My daughter just got a Mac Book for college. My PC laptop has a docking station to which I've attached a monitor, keyboard, printer, speakers, internet cable and power supply. The Mac Book does not have a dock option and the salesman was not very informed on how to set up a desk system so that she can do as I've done with my laptop. 

Any ideas on where I can get information on the best way to set her up? I was thinking a USB hub/splitter of some sort might do the trick.
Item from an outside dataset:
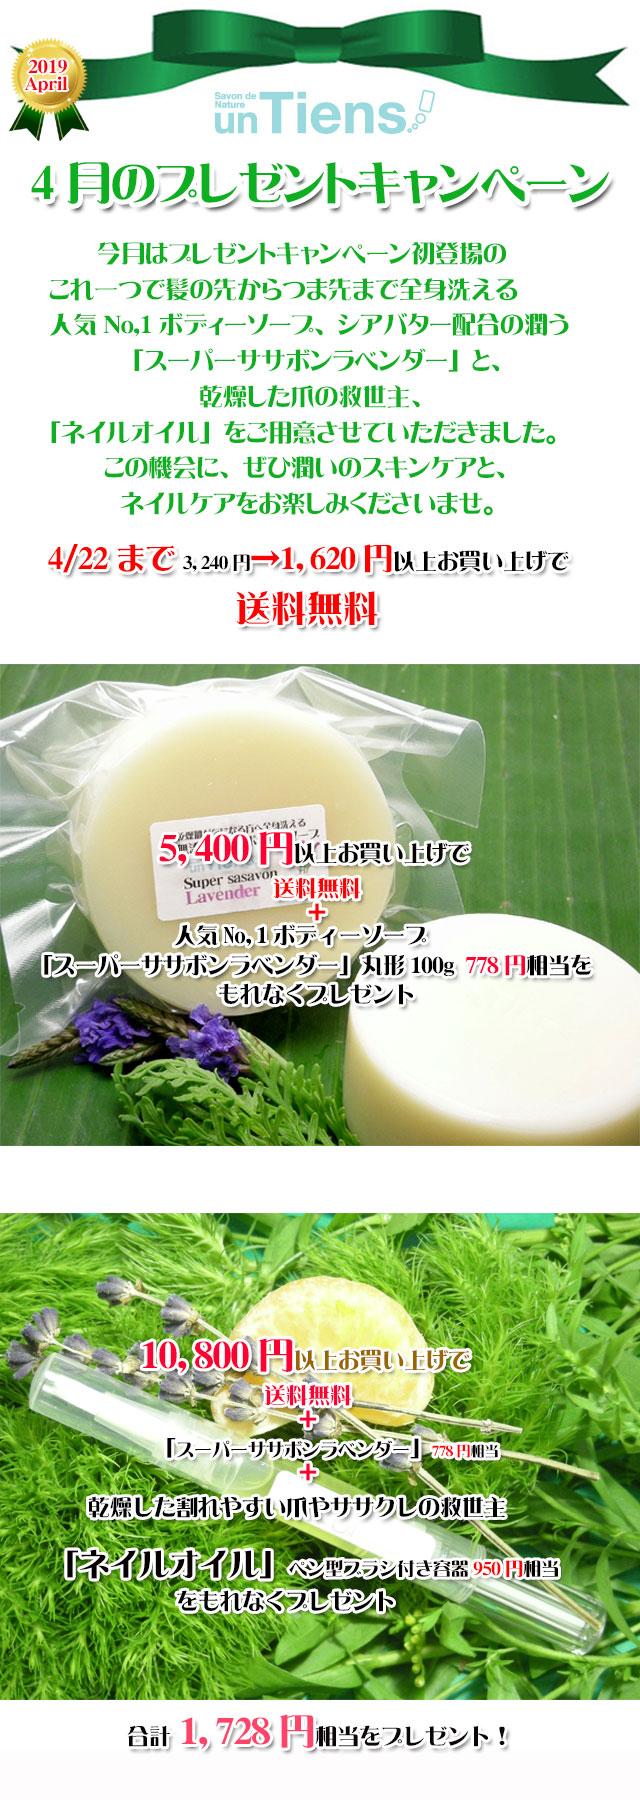 オーガニック化粧品手作り石鹸アンティアン1904今月のキャンペーンtop

Thanks in advance for any help.


----------



## kenneth2k1 (Oct 9, 2003)

Not sure if Macs have a docking station, but they all have USB ports and video outs. However, if I remember correctly, the new Mac Books have a mini DVI out and I don't know if they would come with an analog or regular DVI adapter.


----------



## VegasACF (May 27, 2005)

mhoffperson said:


> My daughter just got a Mac Book for college. My PC laptop has a docking station to which I've attached a monitor, keyboard, printer, speakers, internet cable and power supply. The Mac Book does not have a dock option and the salesman was not very informed on how to set up a desk system so that she can do as I've done with my laptop.
> 
> Any ideas on where I can get information on the best way to set her up? I was thinking a USB hub/splitter of some sort might do the trick.
> 
> Thanks in advance for any help.


A USB hub (make sure it's USB 2.0-compatible, just so you get the most bang for your buck--USB 2.0 can handle non-2.0 format, but the opposite is not true) is a good start for various and sundry connectivity issues. You might also consider a FireWire hub, should she have the need.

I don't know which MacBook you got her, but chances are it has Bluetooth capability. That would be the way _I_ would go for peripherals such as a keyboard and mouse.

As for video, if you need an adaptor you can find anything you'd ever need at Dr. Bott. And the prices aren't bad, either.


----------